Decoding the Australian Financial Landscape: Insights from Dr. Andrew Wilson
December 17, 2023Global Financial Repercussions and Australia’s Resilient Housing Market
December 17, 2023Economic scenarios and housing markets are intertwined, where a change in one invariably impacts the other. This
article delves into Australia’s economic landscape and its housing market, encompassing interest rates, inflation, the
rental market, and more.
1. Interest Rates: A Rising Concern
Australia’s interest rates are a hot topic in financial circles. Over the past year, interest rates have seen ten successive
increases, a phenomenon that has sparked numerous debates on its effectiveness.
1.1 The Reserve Bank’s Dilemma
The Reserve Bank, entrusted with the task of regulating these rates, finds itself in a quandary. Despite the consecutive
hikes, there is no significant sign that the plan – reducing energy – is having the desired effect. The prevailing rates,
which have gone from zero to 3.6%, have only made a modest impact at best.
1.2 The Impact on Policy Makers
These policy decisions are not without their criticisms. A common sentiment among critics is the perceived lackadaisical
attitude of policy makers. While the increases may give the illusion of action, there are doubts over their effectiveness.
2. Inflation: A Dire Prediction
Despite the Reserve Bank’s efforts, inflation continues to be a thorn in Australia’s side. The inflation rate, still at its
highest since the 1990s, shows no signs of a significant downturn.
2.1 Factors Contributing to Inflation
The inflation rate is influenced by a myriad of factors, including supply-side issues brought about by Covid and rising
service prices and costs.

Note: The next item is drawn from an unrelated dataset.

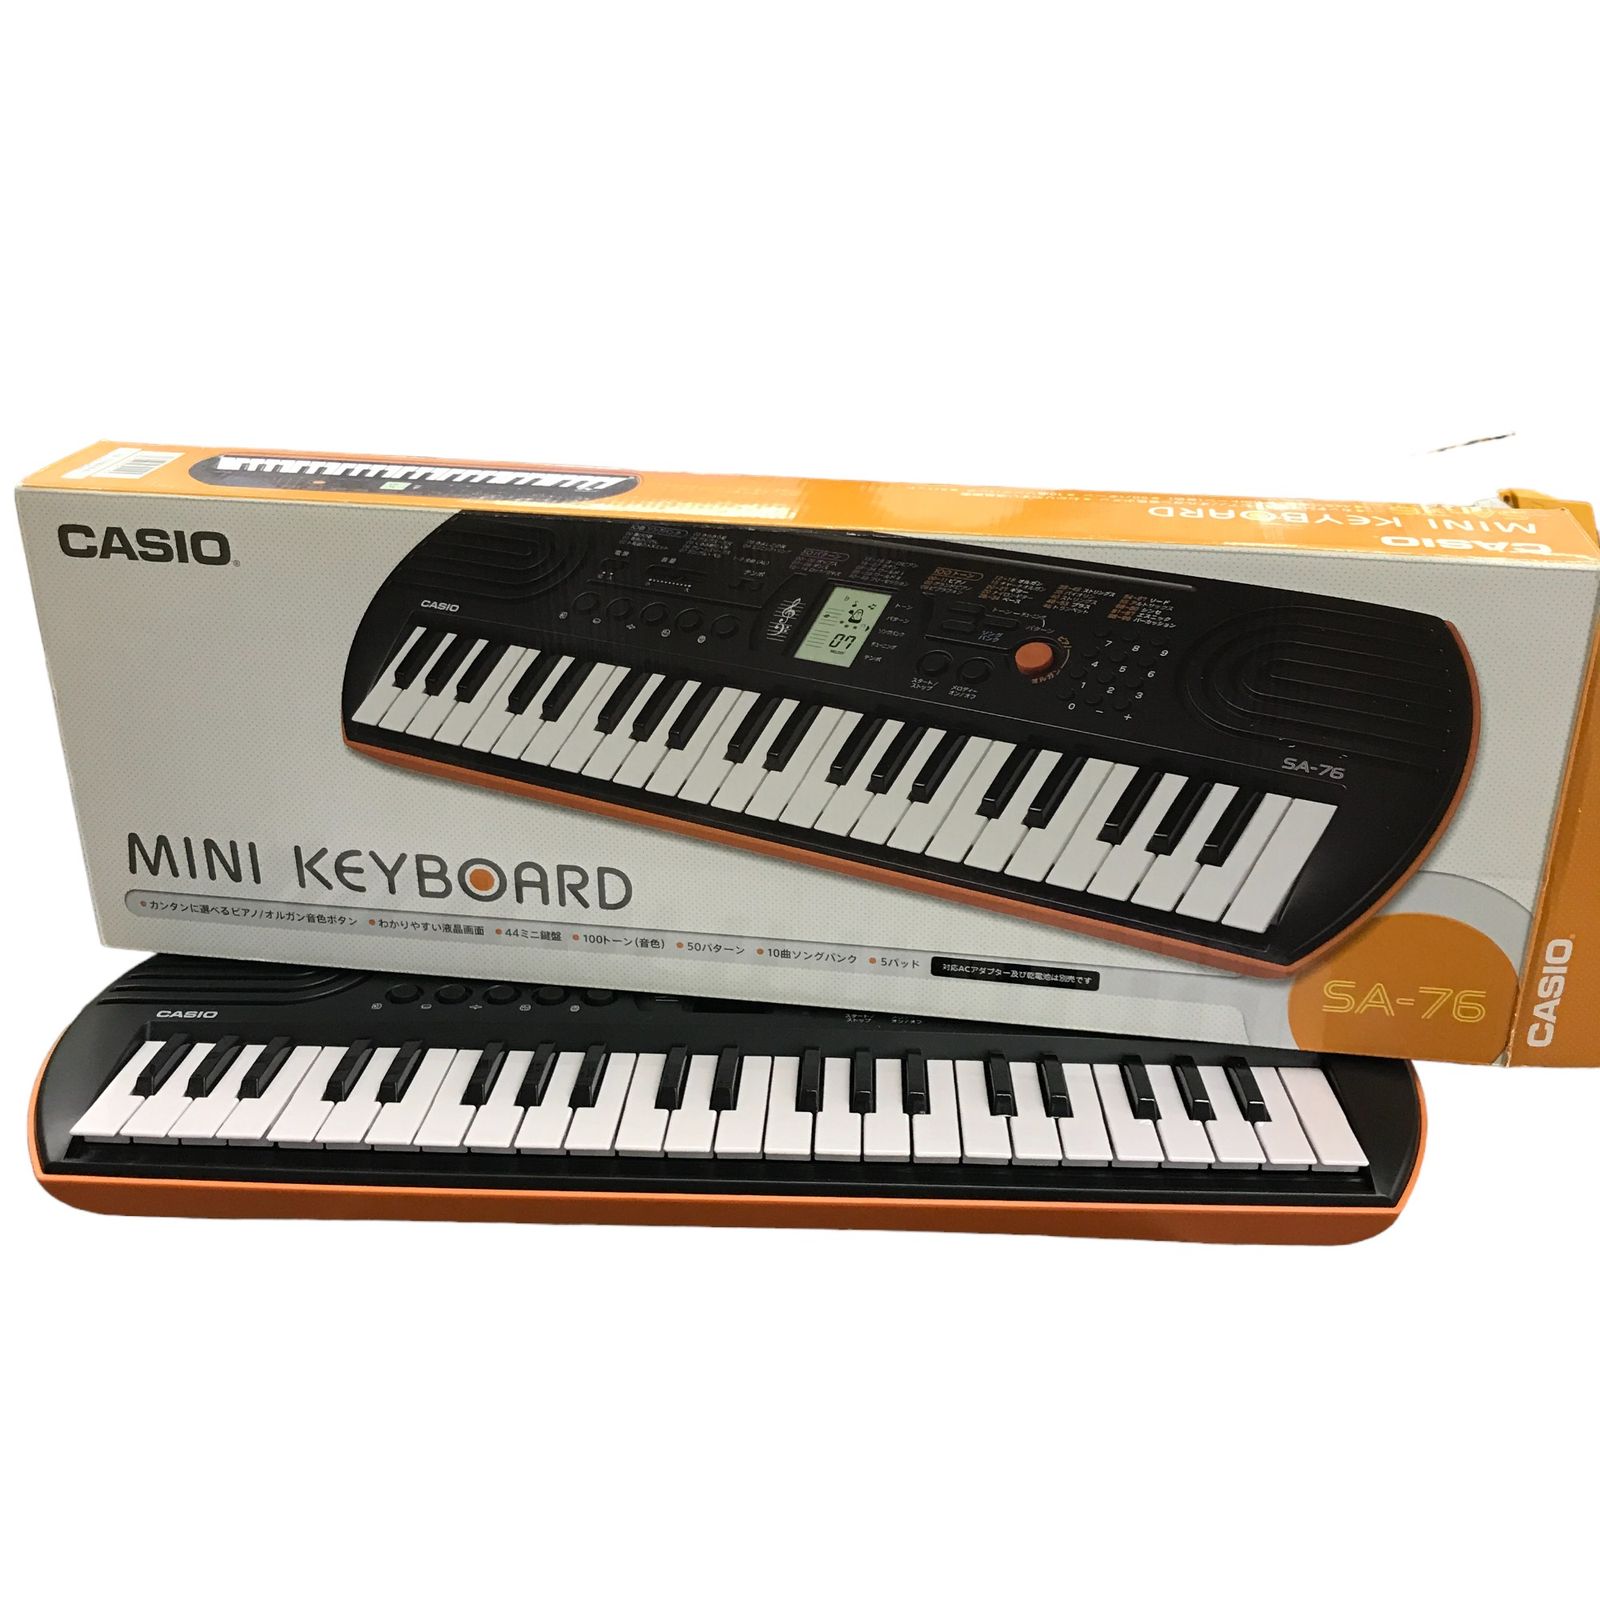 CASIO 44ミニ鍵盤 電子キーボード SA-76 ブラック&オレンジ 中古 1

The strong economy, while generally positive, is contributing to a surge in inflation.
2.2 The Reserve Bank’s Response
The Reserve Bank has been steadfast in its commitment to controlling inflation. However, with ten interest rate
increases and no significant impact on economic activity, the efficacy of its methods has been called into question.
3. Housing Market: A Beacon of Hope
Despite the economic challenges, the housing market remains robust. The home building data for January shows that
home building is still falling, which is not ideal for an already undersupplied market.

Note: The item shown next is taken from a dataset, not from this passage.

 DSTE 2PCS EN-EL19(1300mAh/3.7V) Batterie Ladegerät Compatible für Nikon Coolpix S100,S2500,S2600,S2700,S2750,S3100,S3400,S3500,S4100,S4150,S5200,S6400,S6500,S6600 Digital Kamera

3.1 Building Approvals: A Steady Decline
Building approvals for homes have seen a consistent decline. This is partially due to the end of the home builder policy
in early 2021, which resulted in a surge of approvals. Following its conclusion, the number of building approvals has
been subdued.
3.2 The Impact on Rent
This decline in building approvals is not good news for renters. With fewer properties entering the market, rents have
been skyrocketing. This problem is exacerbated by the continued increase in house building costs.
4. Home Lending: A Downturn
The value of home lending has been falling in recent times. This decline may be attributed to falling house prices,
especially in Sydney and Melbourne, and possibly a tightening of credit from banks amidst the uncertain environment.
4.1 The Rise of Refinancing
While home loans are falling, refinancing as a proportion continues to rise. The prospect of higher rates in the future is
encouraging many to lock in rates now, leading to an increase in refinancing.
5. The Rental Market: A Tight Squeeze
The rental market has been another area of concern. All capital city markets have recorded strong growth in house
rents over the past year, with Sydney remaining the top performer for the highest rents for houses and units.
5.1 The Impact on Tenants
These high rents are causing distress for tenants. With the number of new dwellings coming into the market continuing
to fall, tenants are left with little choice but to pay the high rents, resulting in a landlords’ market.
5.2 The Future Outlook
The outlook for the rental market remains bleak. With migration ramping up and an increase in international students,
the demand for rental properties is set to increase, pushing rents even higher.
6. Auction Market: A Positive Indicator
The auction market, often considered a reliable indicator of the health of the housing market, has been performing well. Most markets now have clearance rates above 70%, indicating strong demand.
6.1 The Sydney and Melbourne Markets
The Sydney and Melbourne markets have been leading the way, with clearance rates tracking at their highest point
since April last year. This strong performance indicates a revival in these markets, which had previously led the market
downturn.
6.2 The Future of the Auction Market
The auction market is expected to remain strong, especially if the economy continues to perform well. The fact that
prices are still lower than a year ago suggests that the market has room for growth, which is likely to be reflected in the
auction market.
7. Concluding Remarks
In conclusion, while Australia faces economic challenges such as rising interest rates and inflation, the robust housing
and auction markets provide a glimmer of hope. This analysis underscores the importance of understanding the
intricate relationship between economic scenarios and housing markets, and the need for effective regulatory measures
to ensure a balanced and thriving economy.